___ Recorded data
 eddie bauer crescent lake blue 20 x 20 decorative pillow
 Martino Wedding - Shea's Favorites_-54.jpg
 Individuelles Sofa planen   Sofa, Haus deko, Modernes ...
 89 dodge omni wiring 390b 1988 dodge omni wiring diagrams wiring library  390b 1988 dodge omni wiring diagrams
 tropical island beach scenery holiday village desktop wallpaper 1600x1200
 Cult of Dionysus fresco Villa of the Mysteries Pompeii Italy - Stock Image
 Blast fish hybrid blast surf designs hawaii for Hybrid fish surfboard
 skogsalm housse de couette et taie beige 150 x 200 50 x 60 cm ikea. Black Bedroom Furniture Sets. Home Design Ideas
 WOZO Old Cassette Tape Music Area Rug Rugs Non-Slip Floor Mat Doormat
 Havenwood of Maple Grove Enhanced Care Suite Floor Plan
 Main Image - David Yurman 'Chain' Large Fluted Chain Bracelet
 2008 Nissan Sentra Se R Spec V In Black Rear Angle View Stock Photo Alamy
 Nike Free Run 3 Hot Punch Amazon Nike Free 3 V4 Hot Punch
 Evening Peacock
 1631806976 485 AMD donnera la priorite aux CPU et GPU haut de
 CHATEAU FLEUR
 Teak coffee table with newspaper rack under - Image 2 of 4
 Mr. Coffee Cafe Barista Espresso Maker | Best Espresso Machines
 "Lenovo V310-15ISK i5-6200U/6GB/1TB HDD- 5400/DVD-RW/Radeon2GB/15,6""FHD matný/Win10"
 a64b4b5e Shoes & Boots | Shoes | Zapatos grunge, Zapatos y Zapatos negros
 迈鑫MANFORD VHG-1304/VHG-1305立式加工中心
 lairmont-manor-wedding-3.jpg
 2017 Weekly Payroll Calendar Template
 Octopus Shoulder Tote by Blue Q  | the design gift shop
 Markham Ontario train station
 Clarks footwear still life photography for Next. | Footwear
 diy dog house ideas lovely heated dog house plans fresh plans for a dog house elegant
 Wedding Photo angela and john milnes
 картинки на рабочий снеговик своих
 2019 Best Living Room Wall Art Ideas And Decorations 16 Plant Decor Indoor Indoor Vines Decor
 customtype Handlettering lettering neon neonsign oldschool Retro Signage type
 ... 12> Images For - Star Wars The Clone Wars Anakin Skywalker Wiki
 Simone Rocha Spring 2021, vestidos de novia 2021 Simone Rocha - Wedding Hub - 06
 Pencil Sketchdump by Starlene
______
Your instructions: Make an exact copy of every entry.

Problem solution:
 eddie bauer crescent lake blue 20 x 20 decorative pillow
 Martino Wedding - Shea's Favorites_-54.jpg
 Individuelles Sofa planen   Sofa, Haus deko, Modernes ...
 89 dodge omni wiring 390b 1988 dodge omni wiring diagrams wiring library  390b 1988 dodge omni wiring diagrams
 tropical island beach scenery holiday village desktop wallpaper 1600x1200
 Cult of Dionysus fresco Villa of the Mysteries Pompeii Italy - Stock Image
 Blast fish hybrid blast surf designs hawaii for Hybrid fish surfboard
 skogsalm housse de couette et taie beige 150 x 200 50 x 60 cm ikea. Black Bedroom Furniture Sets. Home Design Ideas
 WOZO Old Cassette Tape Music Area Rug Rugs Non-Slip Floor Mat Doormat
 Havenwood of Maple Grove Enhanced Care Suite Floor Plan
 Main Image - David Yurman 'Chain' Large Fluted Chain Bracelet
 2008 Nissan Sentra Se R Spec V In Black Rear Angle View Stock Photo Alamy
 Nike Free Run 3 Hot Punch Amazon Nike Free 3 V4 Hot Punch
 Evening Peacock
 1631806976 485 AMD donnera la priorite aux CPU et GPU haut de
 CHATEAU FLEUR
 Teak coffee table with newspaper rack under - Image 2 of 4
 Mr. Coffee Cafe Barista Espresso Maker | Best Espresso Machines
 "Lenovo V310-15ISK i5-6200U/6GB/1TB HDD- 5400/DVD-RW/Radeon2GB/15,6""FHD matný/Win10"
 a64b4b5e Shoes & Boots | Shoes | Zapatos grunge, Zapatos y Zapatos negros
 迈鑫MANFORD VHG-1304/VHG-1305立式加工中心
 lairmont-manor-wedding-3.jpg
 2017 Weekly Payroll Calendar Template
 Octopus Shoulder Tote by Blue Q  | the design gift shop
 Markham Ontario train station
 Clarks footwear still life photography for Next. | Footwear
 diy dog house ideas lovely heated dog house plans fresh plans for a dog house elegant
 Wedding Photo angela and john milnes
 картинки на рабочий снеговик своих
 2019 Best Living Room Wall Art Ideas And Decorations 16 Plant Decor Indoor Indoor Vines Decor
 customtype Handlettering lettering neon neonsign oldschool Retro Signage type
 ... 12> Images For - Star Wars The Clone Wars Anakin Skywalker Wiki
 Simone Rocha Spring 2021, vestidos de novia 2021 Simone Rocha - Wedding Hub - 06
 Pencil Sketchdump by Starlene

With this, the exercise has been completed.